VANCOUVER, B.C. (CN) – A suburban man whose land-use application was put on hold, and who followed up with a pro se SLAPP lawsuit demanding $13 million from neighbors and a small environmental group who opposed it, will have to pay $32,000 to the people he sued, a British Columbia Supreme Court justice ruled.
Robin Scory’s dispute began over a land-use application seeking to convert his property in suburban Langley into farmland. When neighbors and the Glen Valley Watersheds Society opposed the application, Scory ramped up the fight into a $13 million defamation claim against them.
But a provincial Supreme Court justice this week awarded costs to the defendants, whom Scory had sued pro se.
In her ruling, the justice mentioned the perils of filing a SLAPP lawsuit without “the benefit of legal advice.”

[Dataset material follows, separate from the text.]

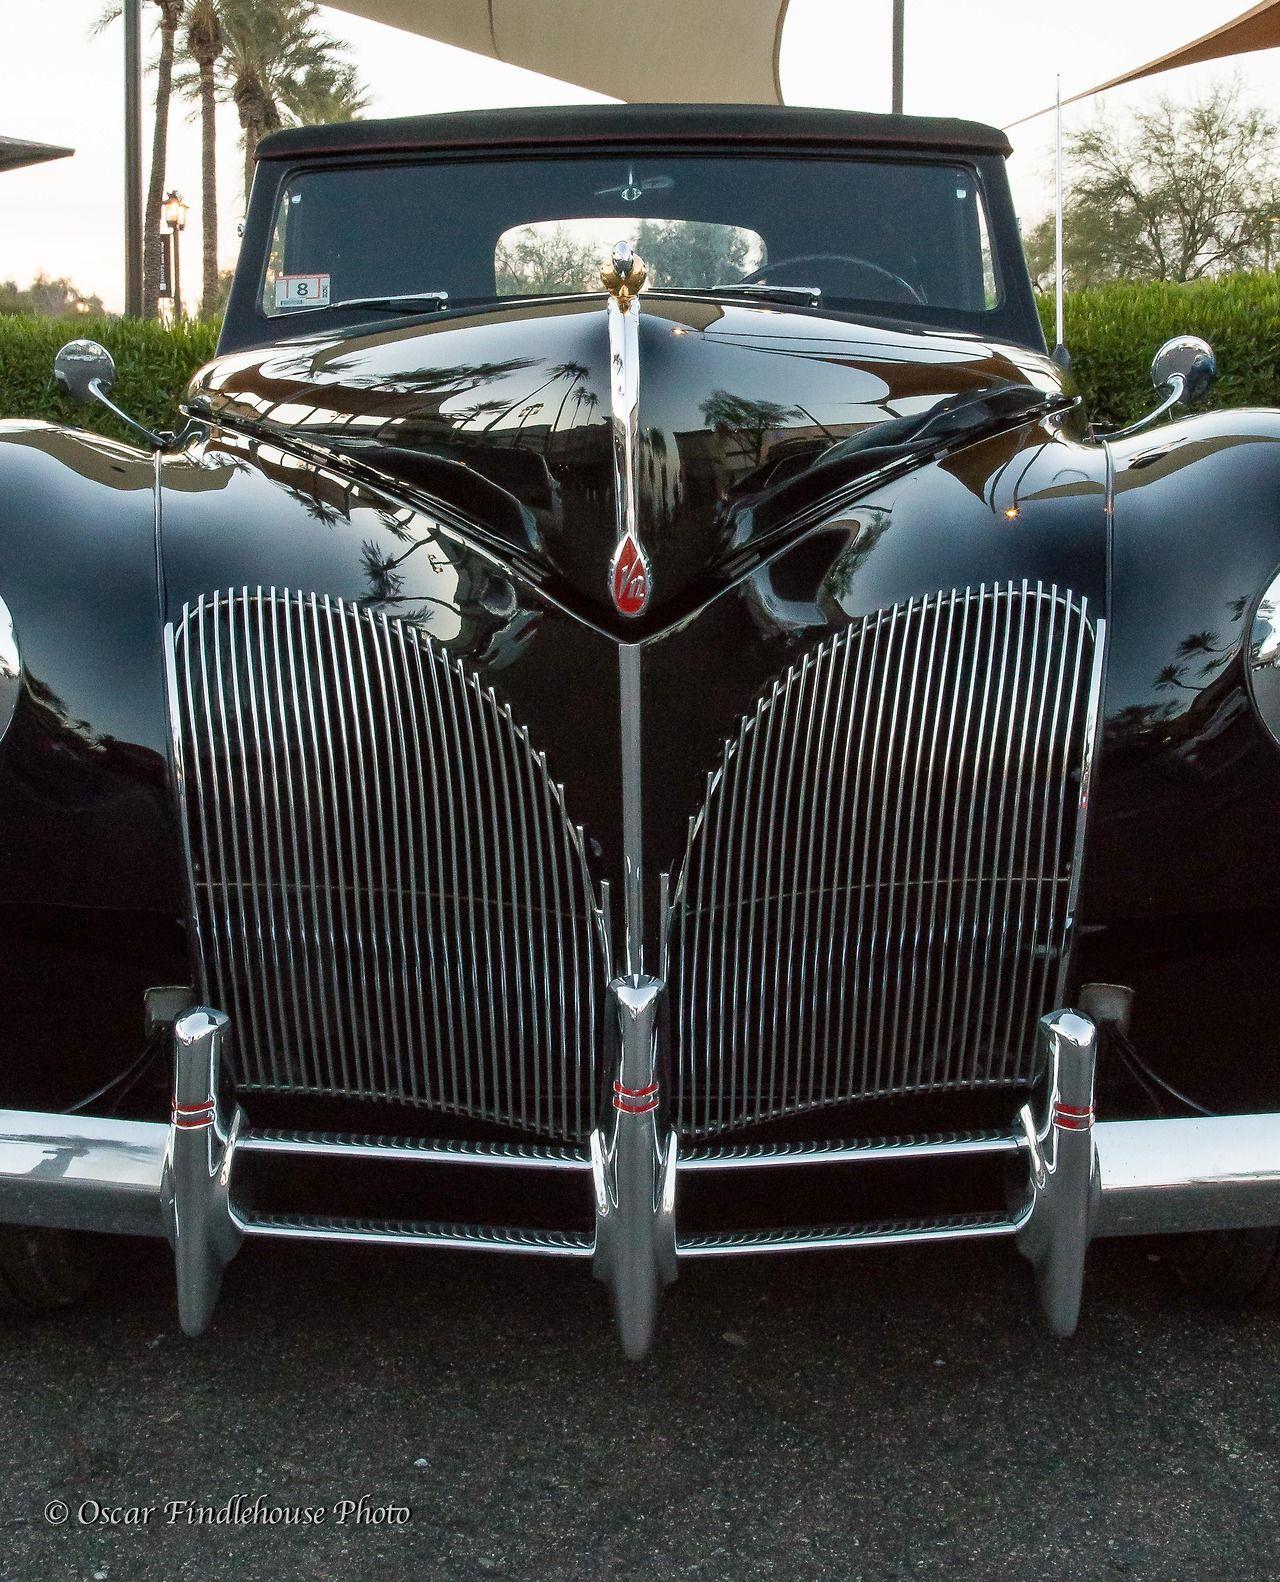 Ford Zephyr, Car Photos, Cool Cars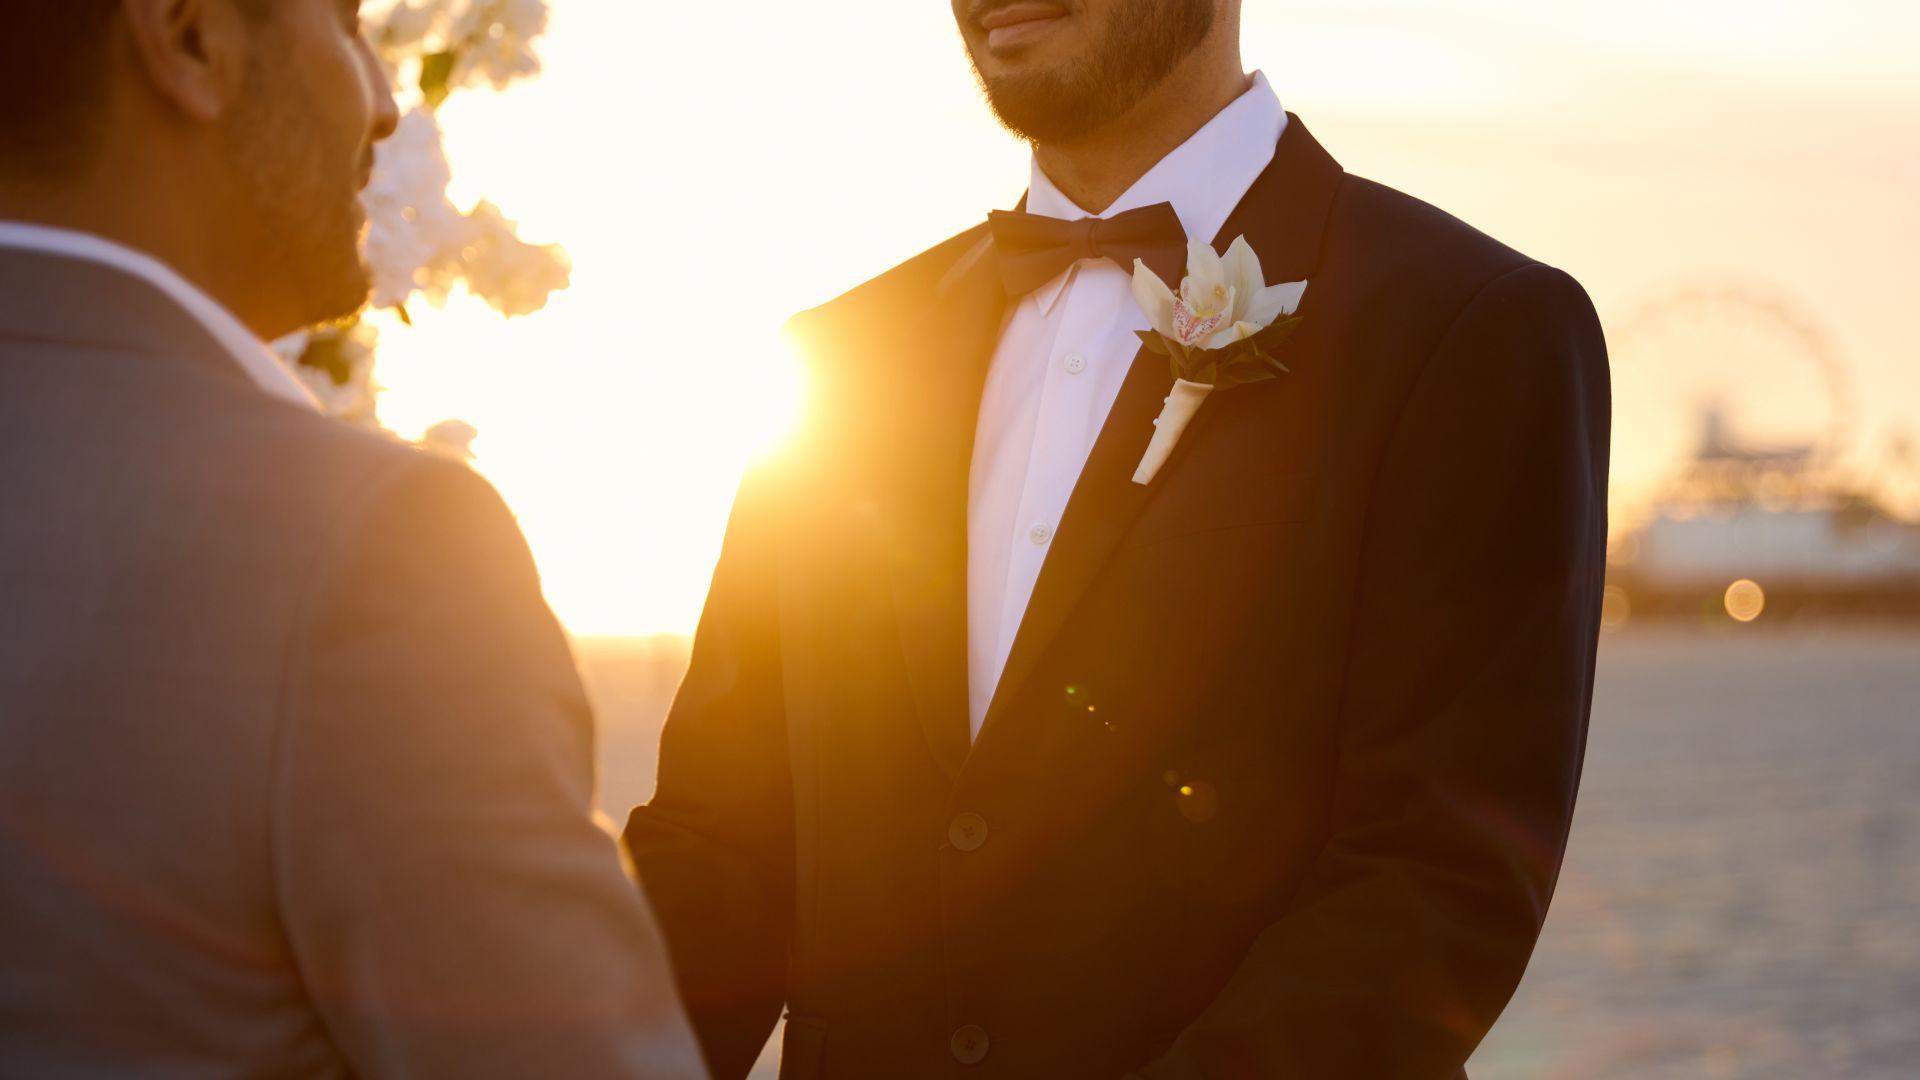 Una persona con traje y corbata sosteniendo la mano en alto

Langley is southeast of Vancouver, near the U.S. border.
Justice Catherine Bruce awarded costs against claimant Scory, in favor of the respondents who opposed his plan to dump 750,000 cubic meters of soil near ecologically sensitive creeks.

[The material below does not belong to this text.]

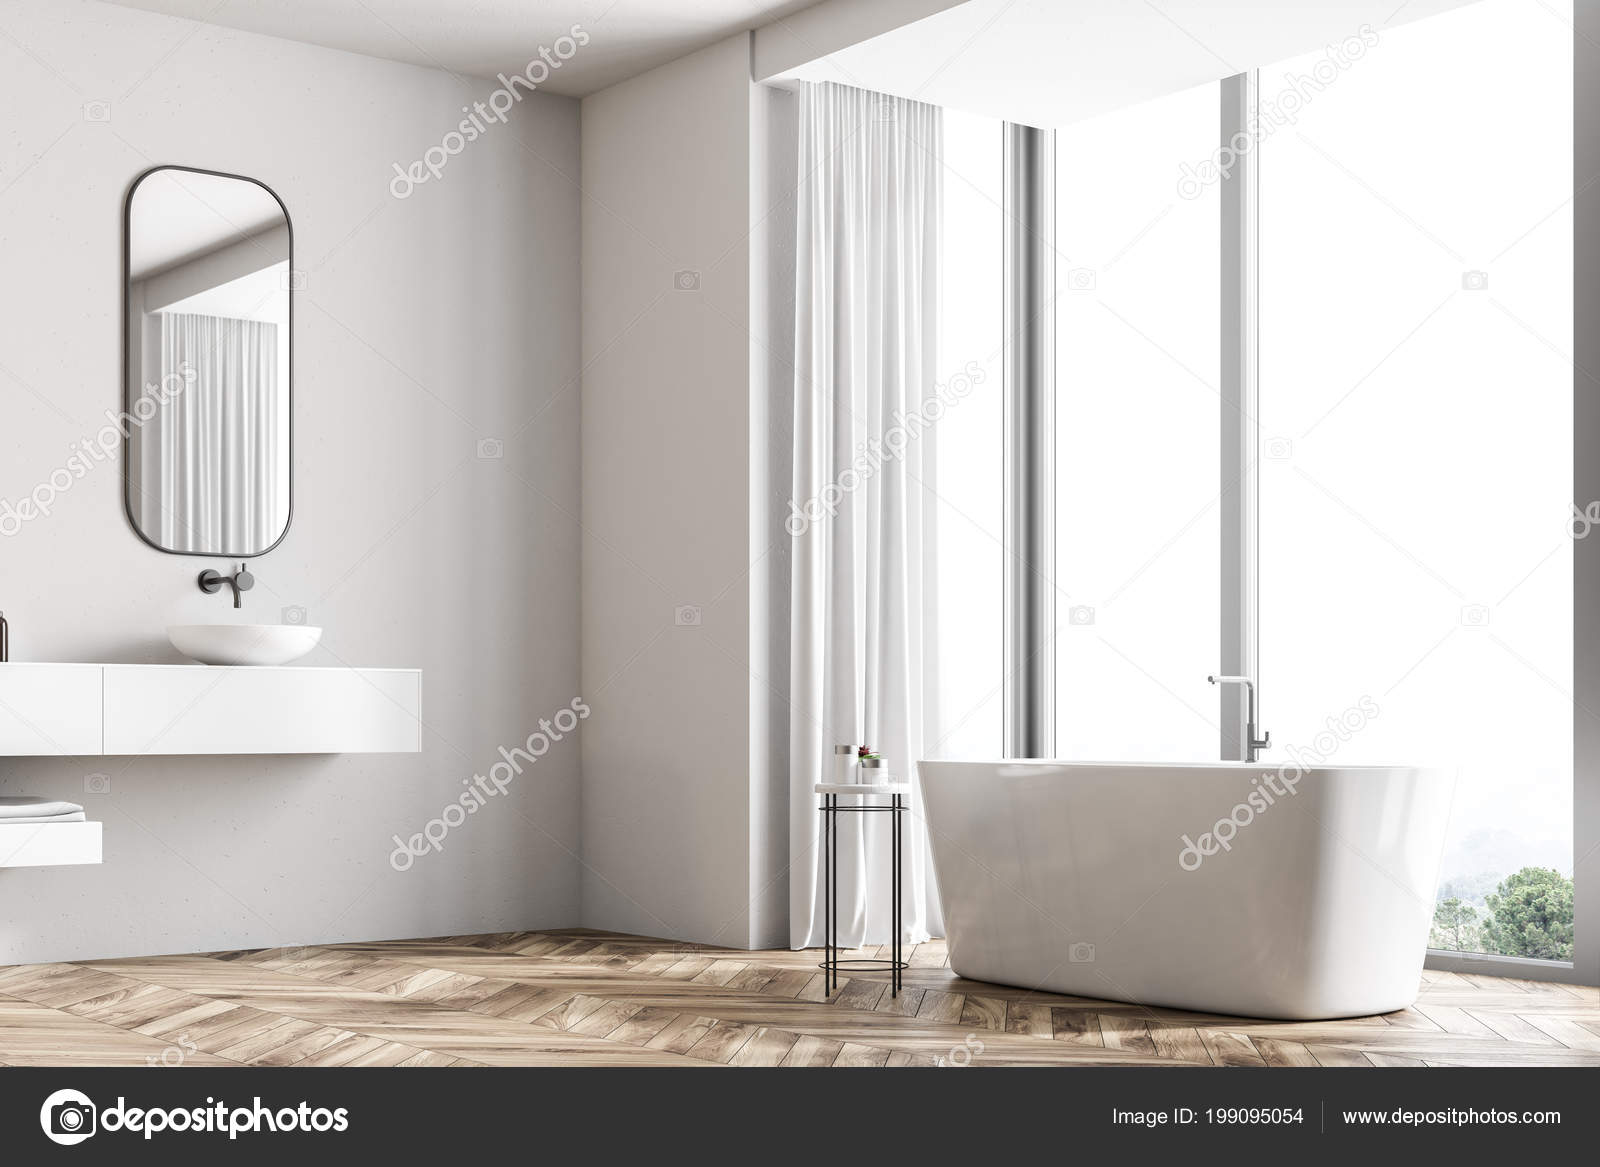 Holzfußboden Bad ~ Bad ecke mit einem holzfußboden ein panoramafenster mit blick auf

In October 2009, Scory applied to the Township of Langley for a permit to dump soil on his land near respondent Sian Krannitz’s property. Krannitz was a member of the Glen Valley Watersheds Society, which joined her in public opposition to Scory.

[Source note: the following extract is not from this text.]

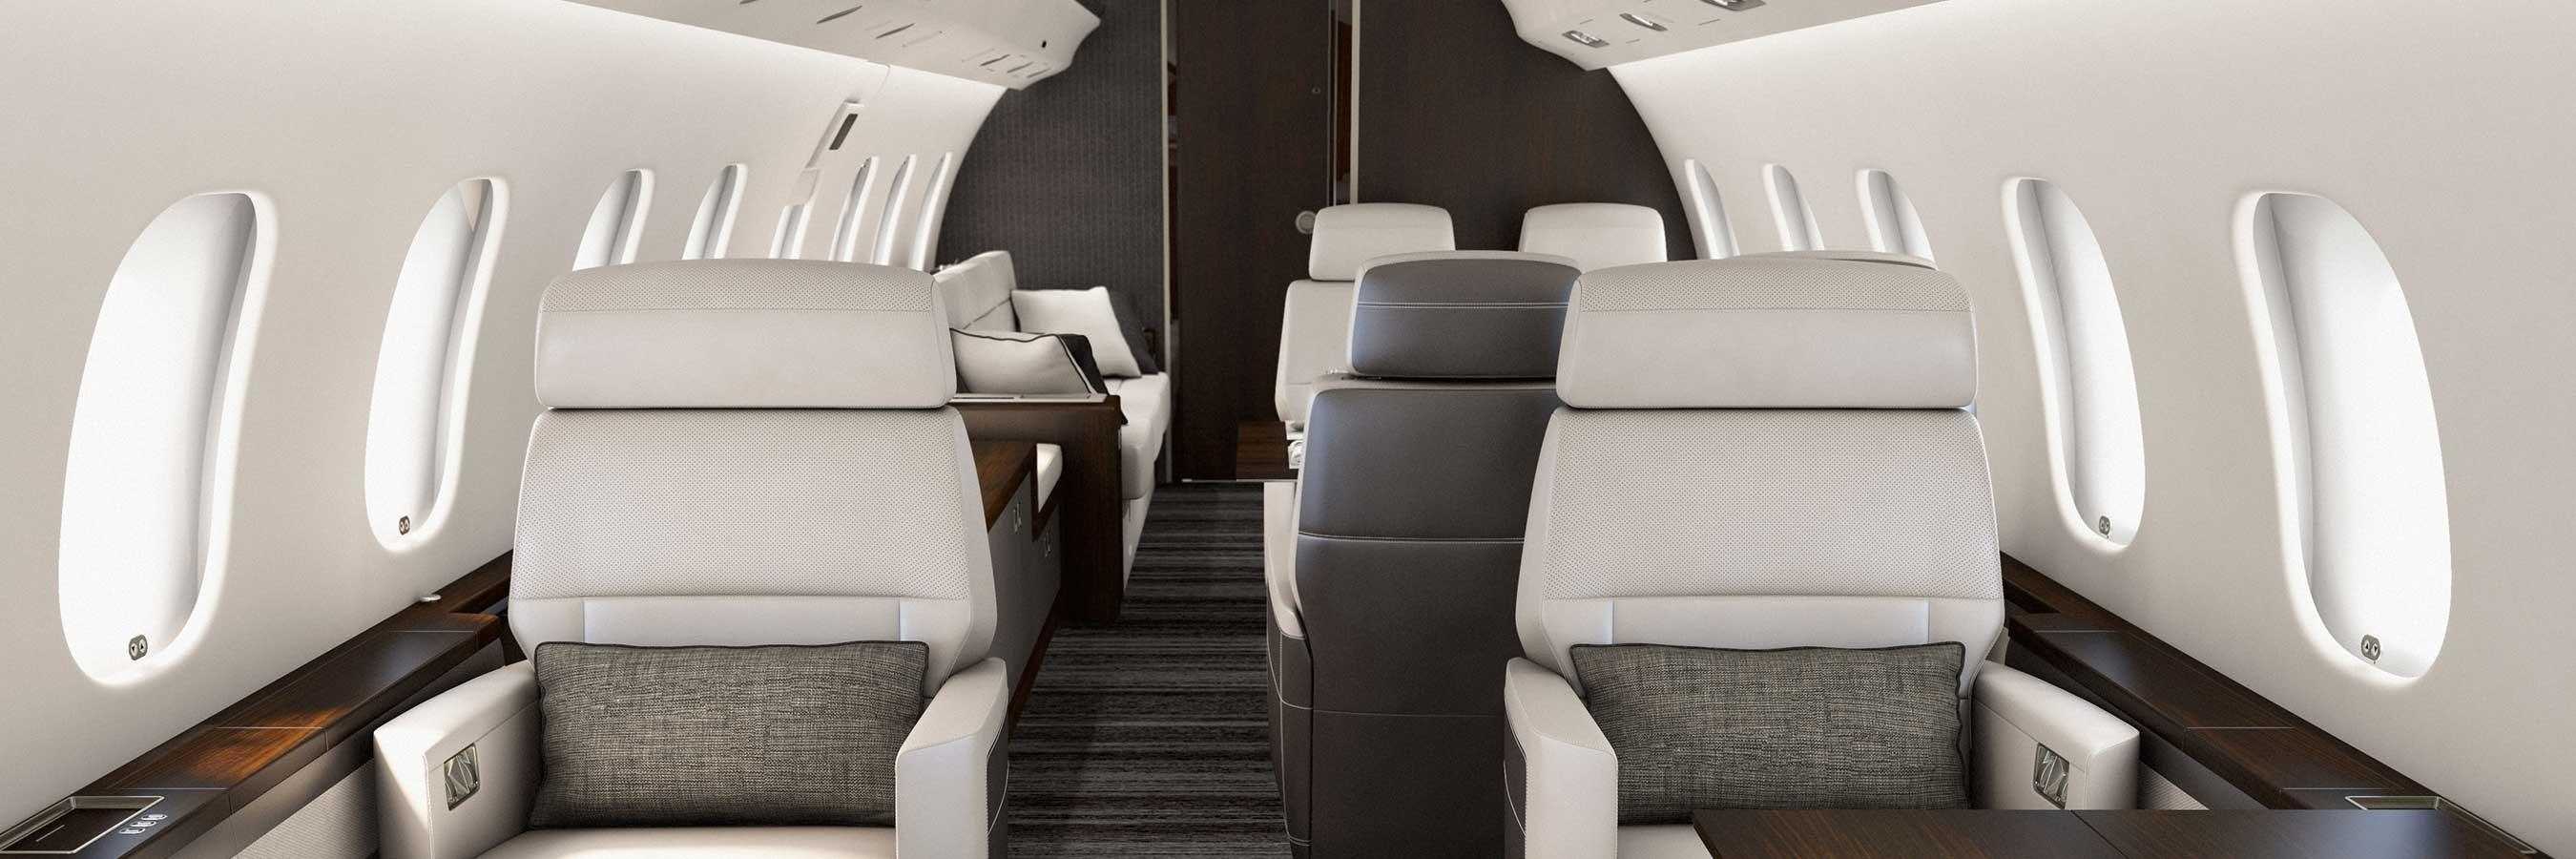 Global 6000 cabin forward

The township put the permit application on hold, seeking more information about environmental impacts.
Justice Bruce’s ruling states that the township’s decision had nothing to do with public opposition to the application.
But that didn’t stop Scory from filing a $13 million defamation claim against Krannitz, the Watersheds Society and another resident, Jack DeWitte.
Filing pro se, Scory “made serious allegations against Ms. Krannitz, including an allegation that she made unfounded, false, unverified and unsubstantiated statements about his permit application to local residents for the purpose of gathering signatures on a petition opposing the application and for the purpose of intentionally harming the claimant. The claimant also alleged that Ms. Krannitz organized public meetings to spread false information about his permit application,” the Hon. Madam Justice Catherine Bruce wrote for the court.
Despite warnings from the respondents’ lawyer that the lawsuit had no basis and was doomed to fail, Scory pressed on with the case and repeatedly failed to meet routine disclosure requests, Justice Bruce found.
The judge found Scory’s claims baseless and dismissed the lawsuit in May.
“There was no evidence that the respondents had acted maliciously for the purpose of harming the claimant,” Bruce wrote. “While the respondents expressed opposition to the permit application, I found that Ms. Krannitz and the GVWS were merely exercising their right of free speech to voice objections to the proposal. There was nothing unlawful about their conduct.”
Despite its frivolity, the so-called SLAPP lawsuit – a strategic lawsuit against public participation – effectively ended Krannitz’s participation in environmental advocacy work and nearly caused the watershed society to fold.
The respondents offered to settle with Scory for nominal amounts, but he refused, even though he had a letter from the Township of Langley, which he failed to disclose, and which undermined the basis of his lawsuit, Justice Bruce wrote.
“Lastly, the claimant’s lawsuit achieved one of the recognized purposes of SLAPP litigation,” Bruce wrote. “It effectively silenced the respondents’ public opposition to the claimant’s permit application. For these reasons, I find that whether or not one characterizes the claimant’s lawsuit as a SLAPP action, the circumstances of this case illustrate conduct by a claimant that is sufficiently reprehensible to warrant an order for special costs. This is not a case where the lawsuit has little merit; there was absolutely no merit to the action and no evidence led to support the serious allegations of misconduct by the respondents.”
Bruce awarded Krannitz special costs and more than $32,000, but denied respondents’ request for double costs, “a penalty reserved for the most reprehensible behaviour by a litigant.”
“In the circumstances of this case, an award of special costs is a sufficient deterrent to litigation designed to silence public participation in government decision-making,” the ruling states. “In this regard, it is significant that the claimant is self-represented and did not pursue this litigation with the benefit of legal advice.”